### Source material

⁂

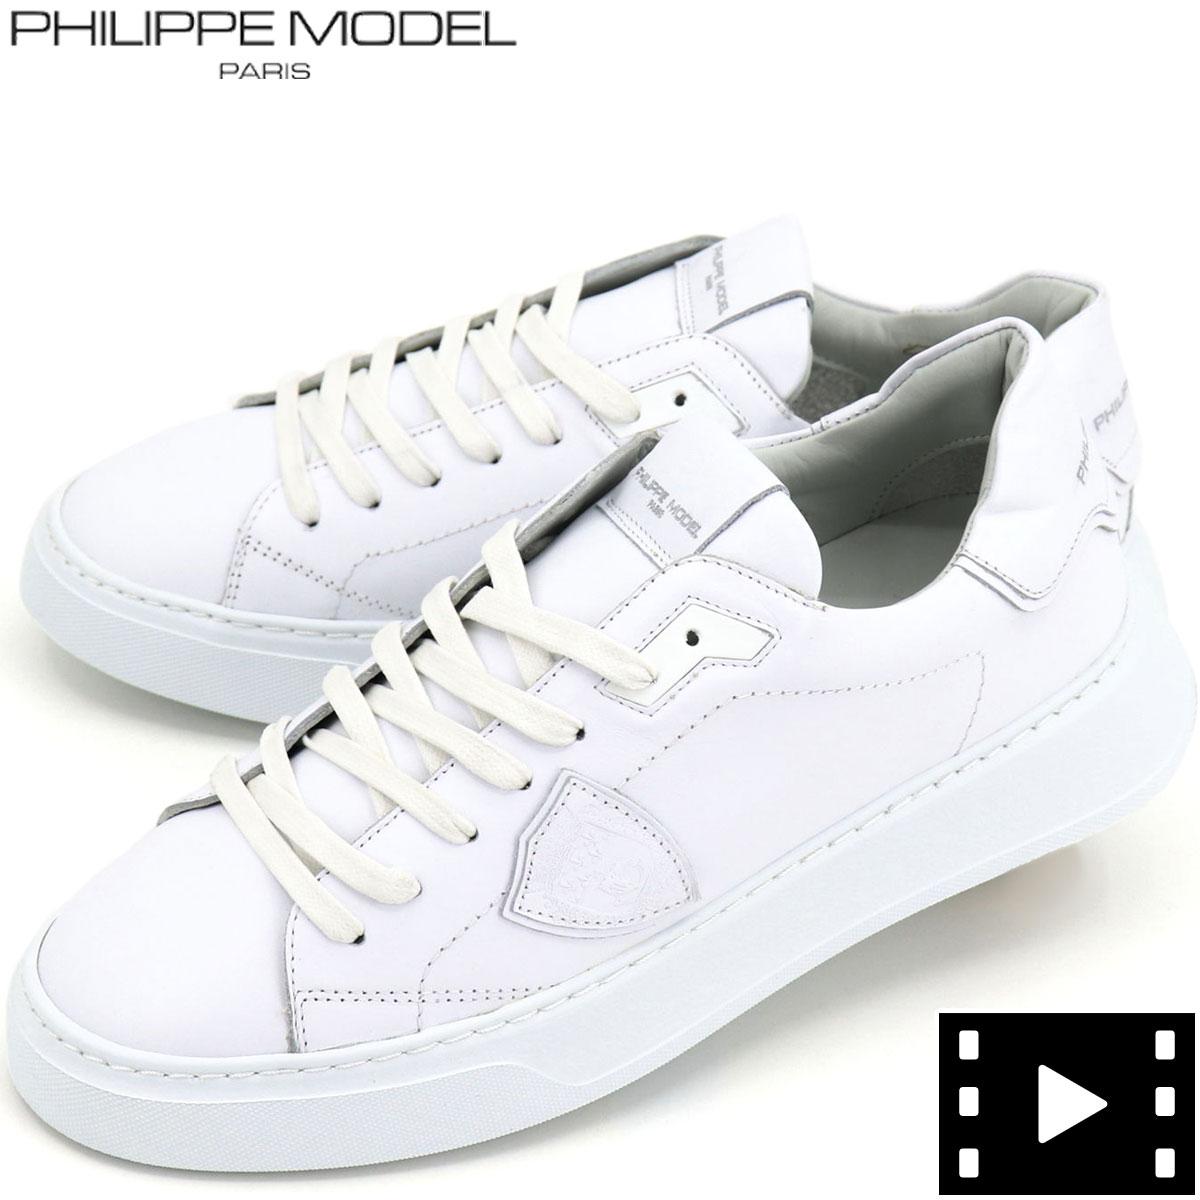 フィリップモデル PHILIPPE MODEL PARIS メンズ レザー ローカットスニーカー BTLU V001 TEMPLE VEAU 0215-TEMPVO 0001(ホワイト)秋冬新作
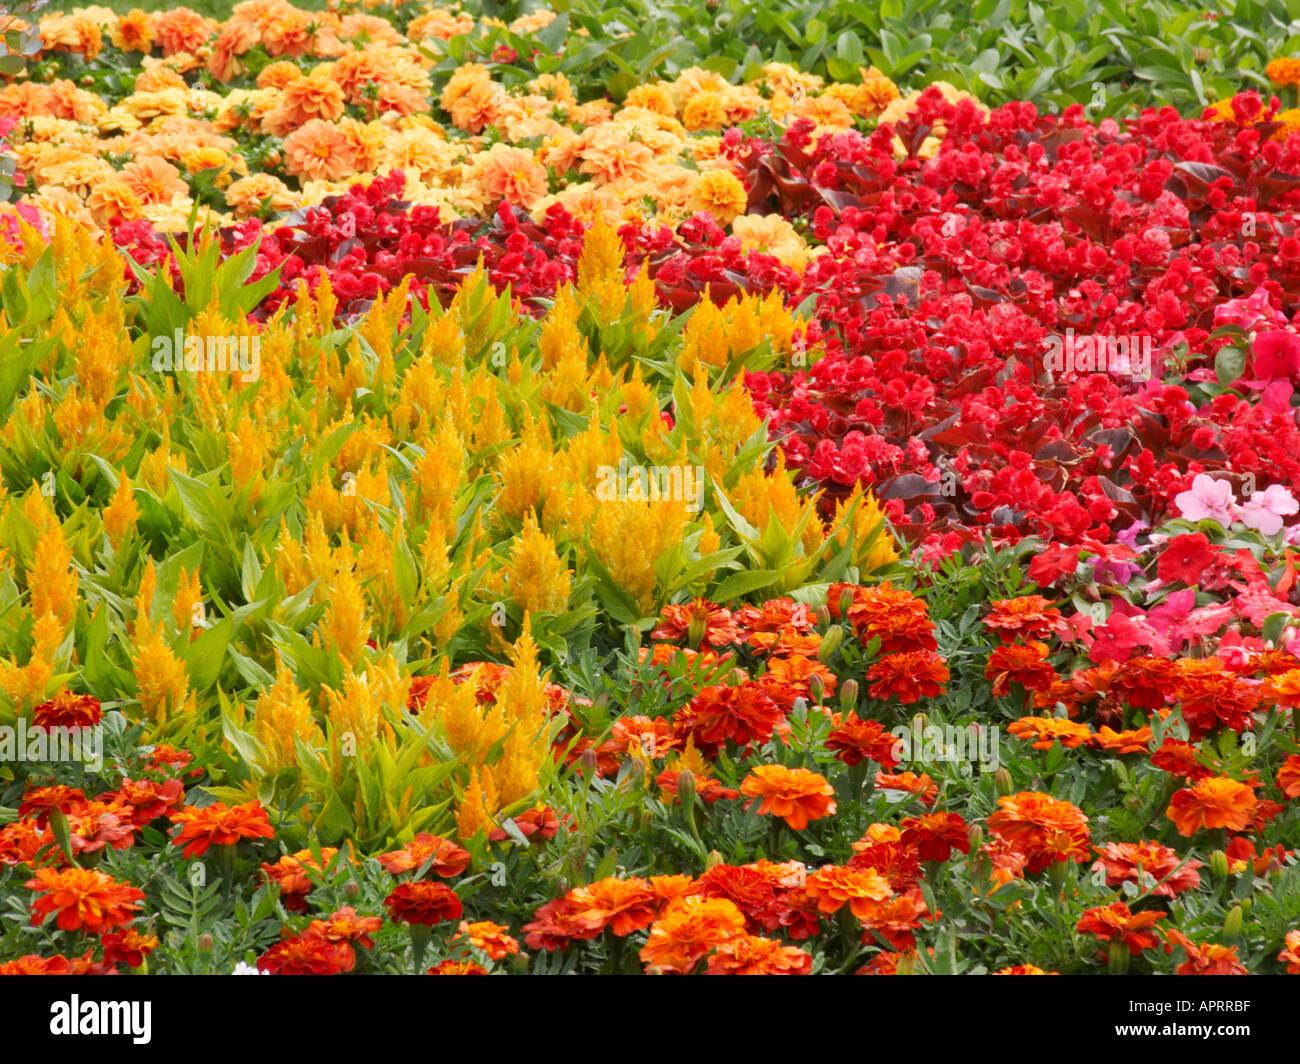 Tatton Blume zeigen traditionelle Rat bunte Sommerblumen einschließlich Celosia beschäftigt Sexplosion und Tagetes Pflanzen Stockfoto
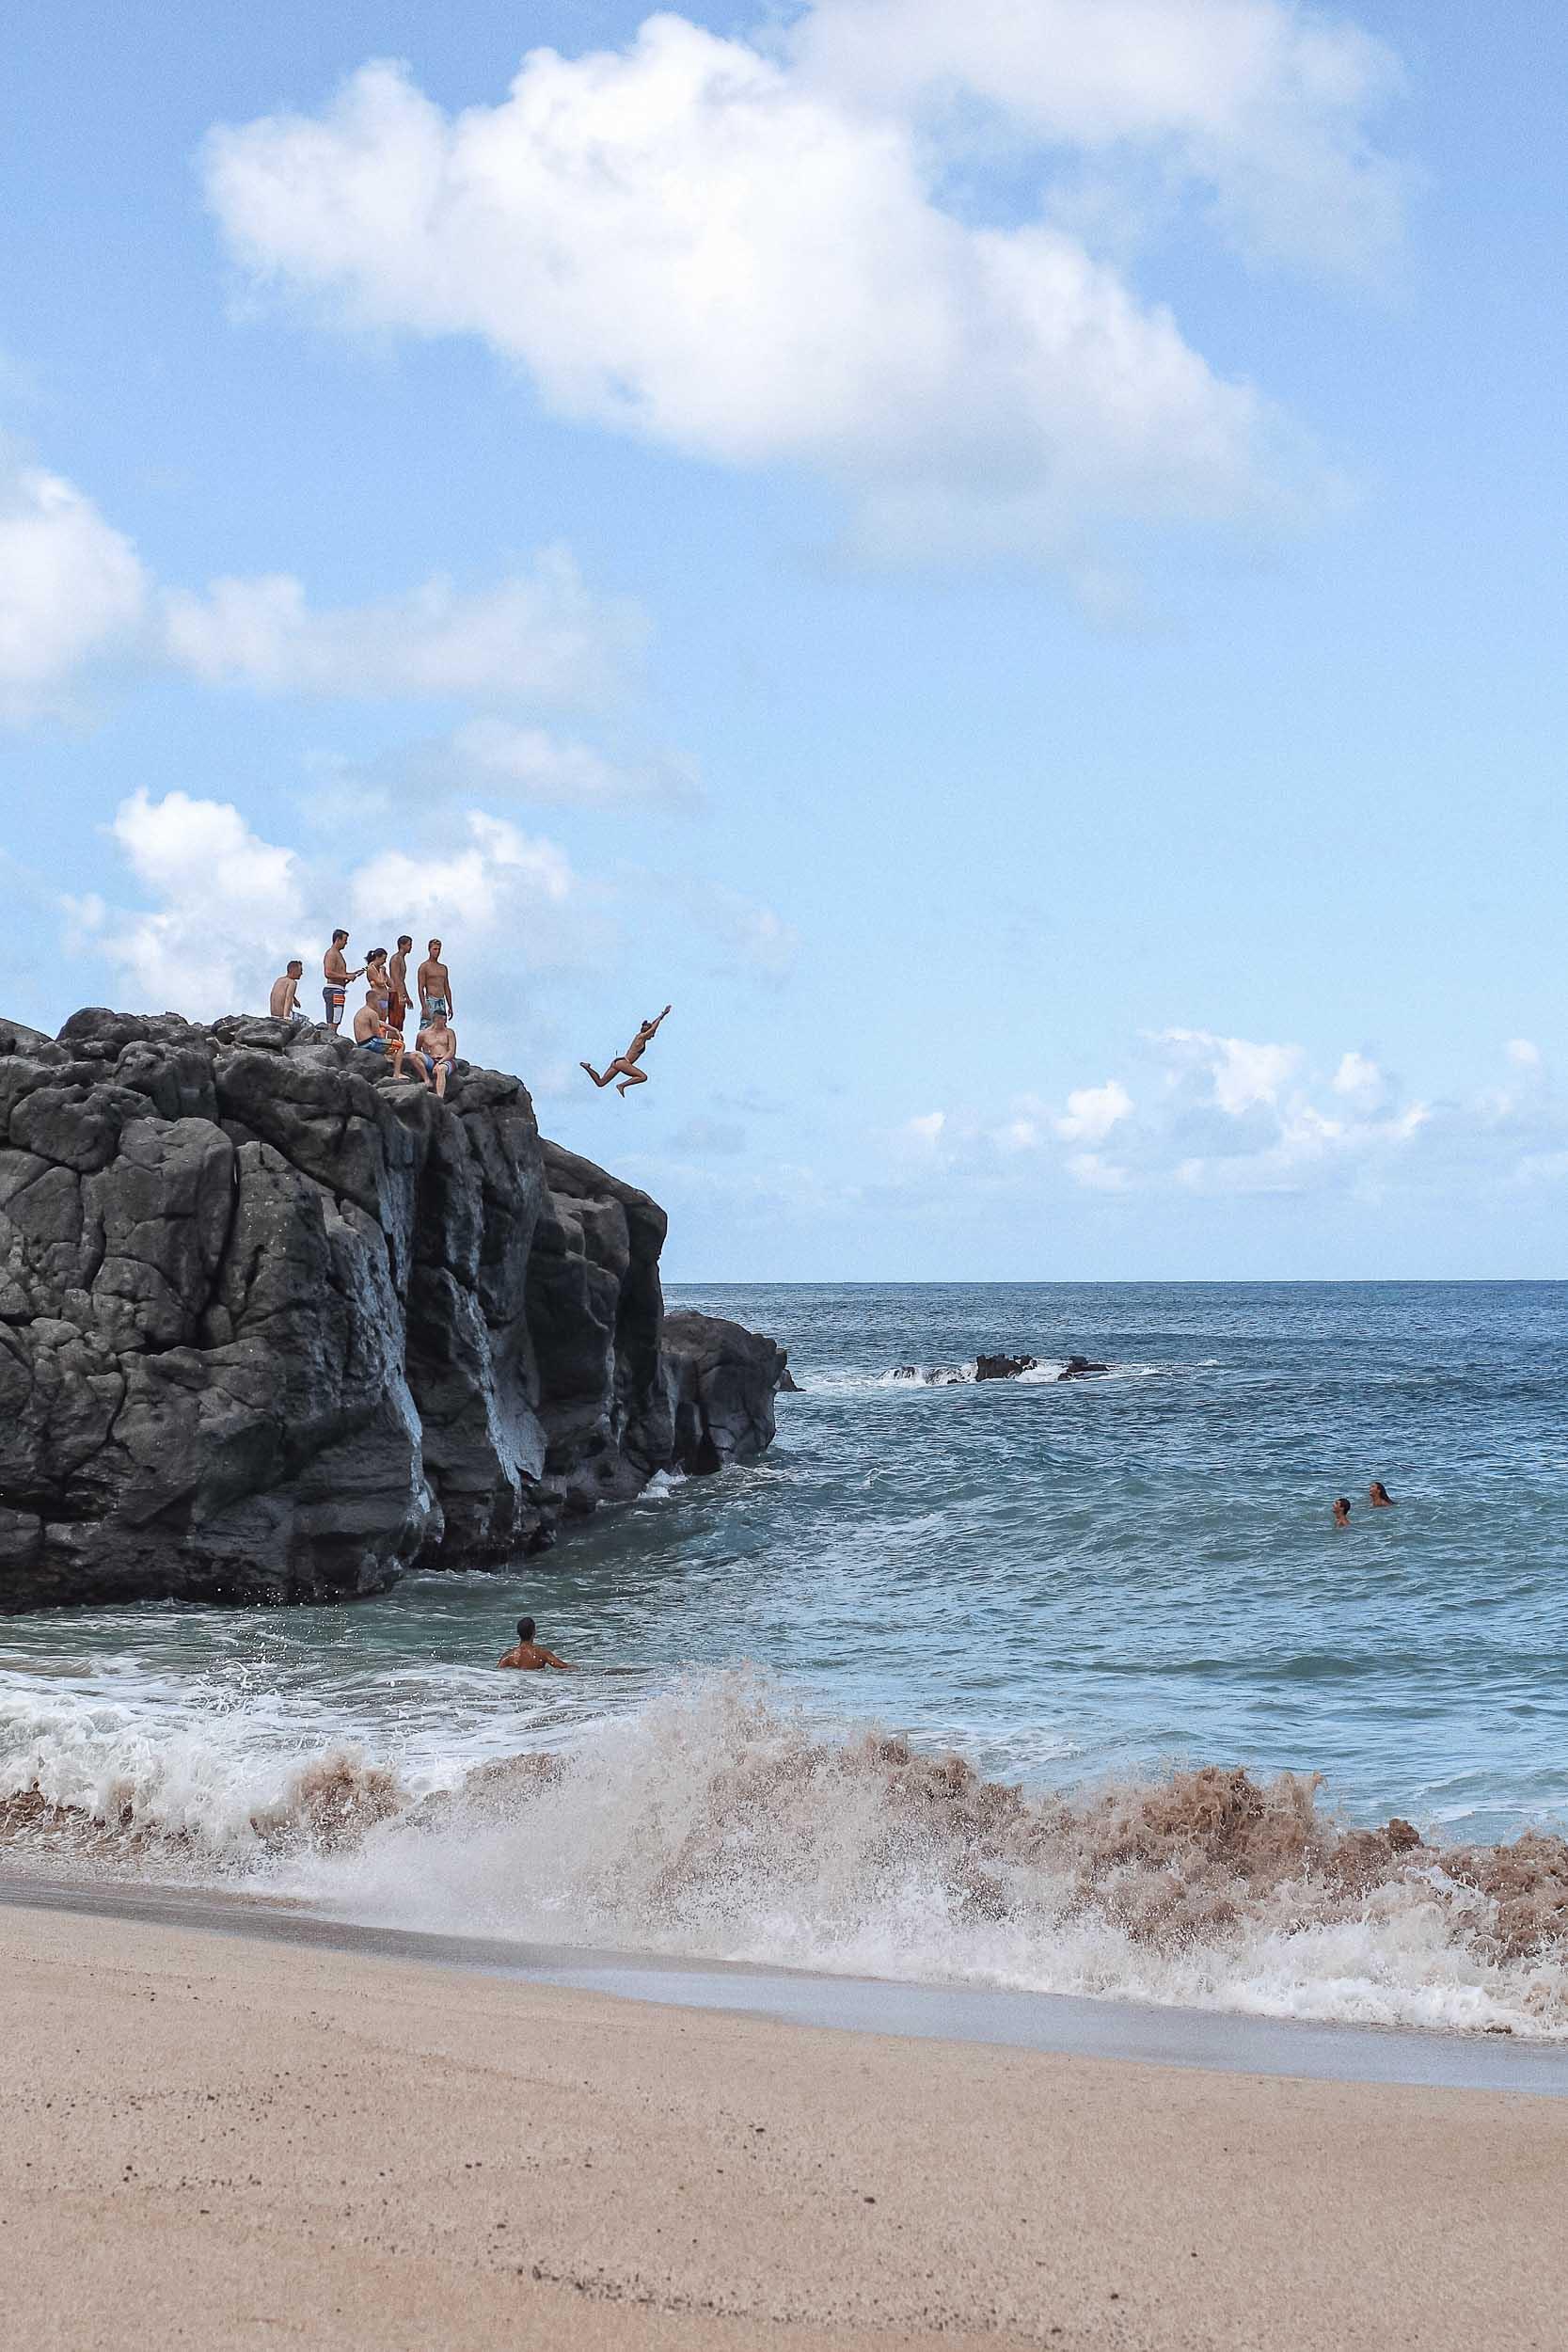 Waimea Bay on Oahu's North Shore

⁂

### Your task
The answer must consist solely of the lines from the one with "Tatton Blume zeigen" through the final line of the data, each reproduced exactly and with pictures omitted.

### Response
 Tatton Blume zeigen traditionelle Rat bunte Sommerblumen einschließlich Celosia beschäftigt Sexplosion und Tagetes Pflanzen Stockfoto
 Waimea Bay on Oahu's North Shore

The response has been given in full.